The quantitative evaluation of the proposed system was carried out in two phases. The first phase evaluates and compares the performance of the proposed system to the existing studies whose dataset is available publicly. As reported in Table 6, the proposed system has achieved an accuracy of almost 40% higher than existing systems. The second phase evaluates and compares the performance of the proposed system to the existing studies whose datasets are not available publicly. In this phase, a relative comparison to corresponding text-CAPTCHA schemes in terms of security features. Table 7 report this comparison. The report shows that the proposed system outperforms the existing state-of-the-art systems.

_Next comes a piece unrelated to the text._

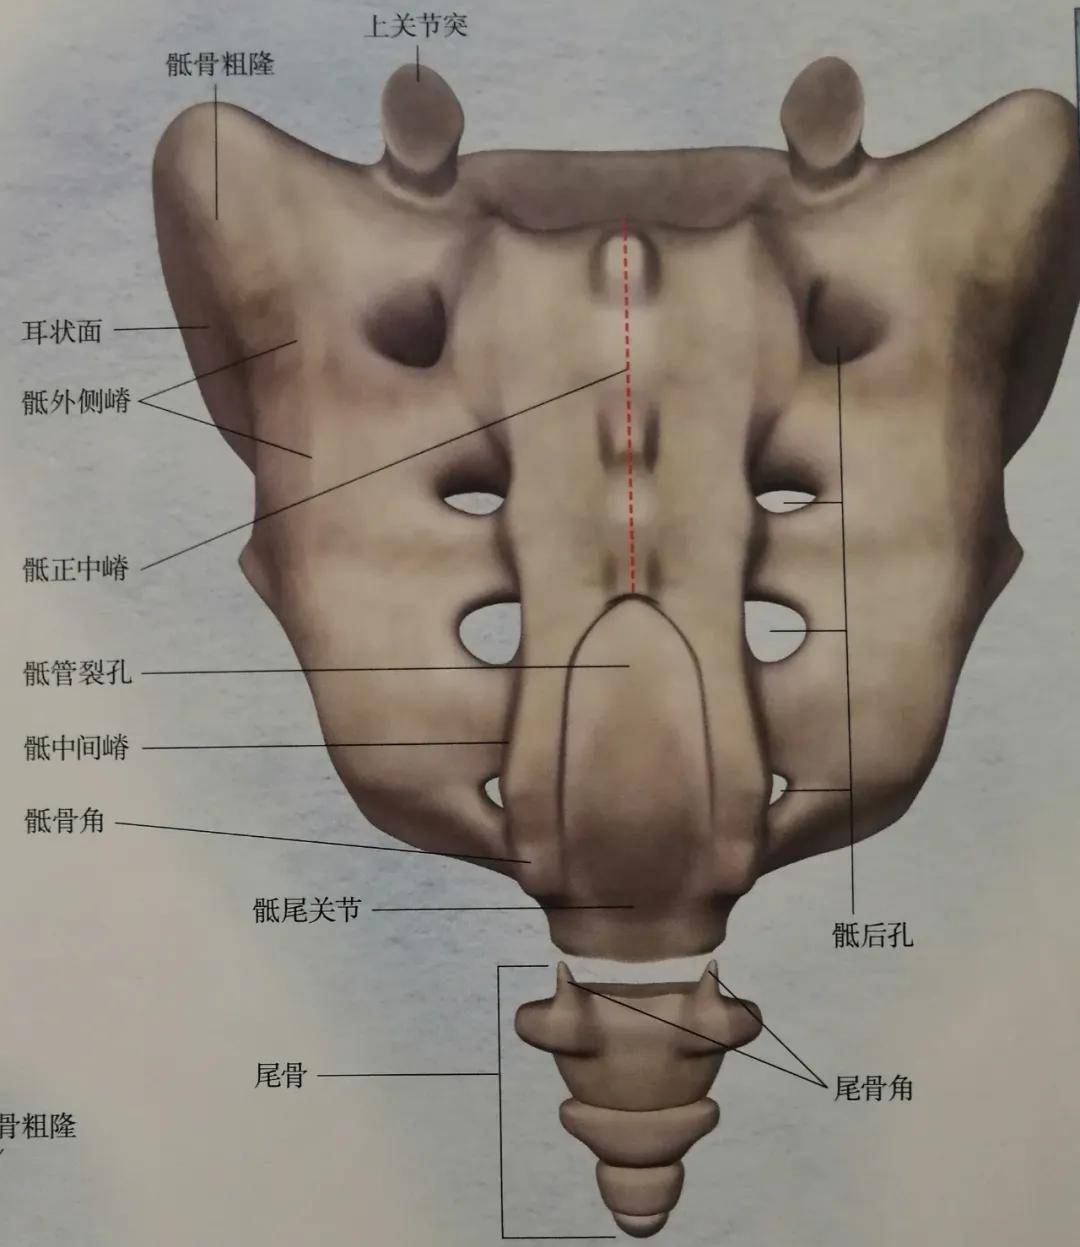 图片来源:《骨盆解剖及功能训练图解》 在脊柱的最下方就是骶椎和尾

Table 6 Comparing the performance of the proposed system with existing systems on the CAPTCHA_V2 dataset
Table 7 Proposed system performance compared to corresponding text-CAPTCHA schemes in existing systems with respect to their security features

6 Conclusion and future work

A Multiview deep learning paradigm for breaking text-CAPTCHA schemes was introduced. The Multiview learning setting aims to explore deep complementary features from multiple views of the input text-CAPTCHA image. The proposed architecture first utilizes a combination of CNN (for spatial feature extraction) and a bidirectional GRU (to learn sequential features). Then a view integration technique that maximizes the complementarity between both discriminative views is employed. Lastly, the integrated views are mapped into expected output predictions and trained end-to-end using a CTC loss function. The proposed system was trained and validated across eight different datasets. The system achieves remarkably high accuracies within the ranges of 93.6% to 100% across the eight datasets. Impressively, the system requires very little time to break the text-CAPTCHA with an average time between 0.0032% to 0.21% seconds. To further demonstrate the performance of the proposed system, an ablation study was conducted on a diverse group of human users. The study shows that, during the design of text-CAPTCHA schemes, when the complexity of difficulty levels is high, the text-CAPTCHA scheme is not very efficient for human users. A comparison of the ablation study results with the proposed system demonstrated that the system outperforms the human users that the CAPTCHA is designed to serve. Further comparison shows that the proposed system outperformed existing state-of-the-art text-CAPTCHA breaking systems. Future works will focus on optimizing the decoder of the CTC architecture to increase training time. Proposing a new CAPTCHA scheme that can resist the existing CAPTCHA solutions.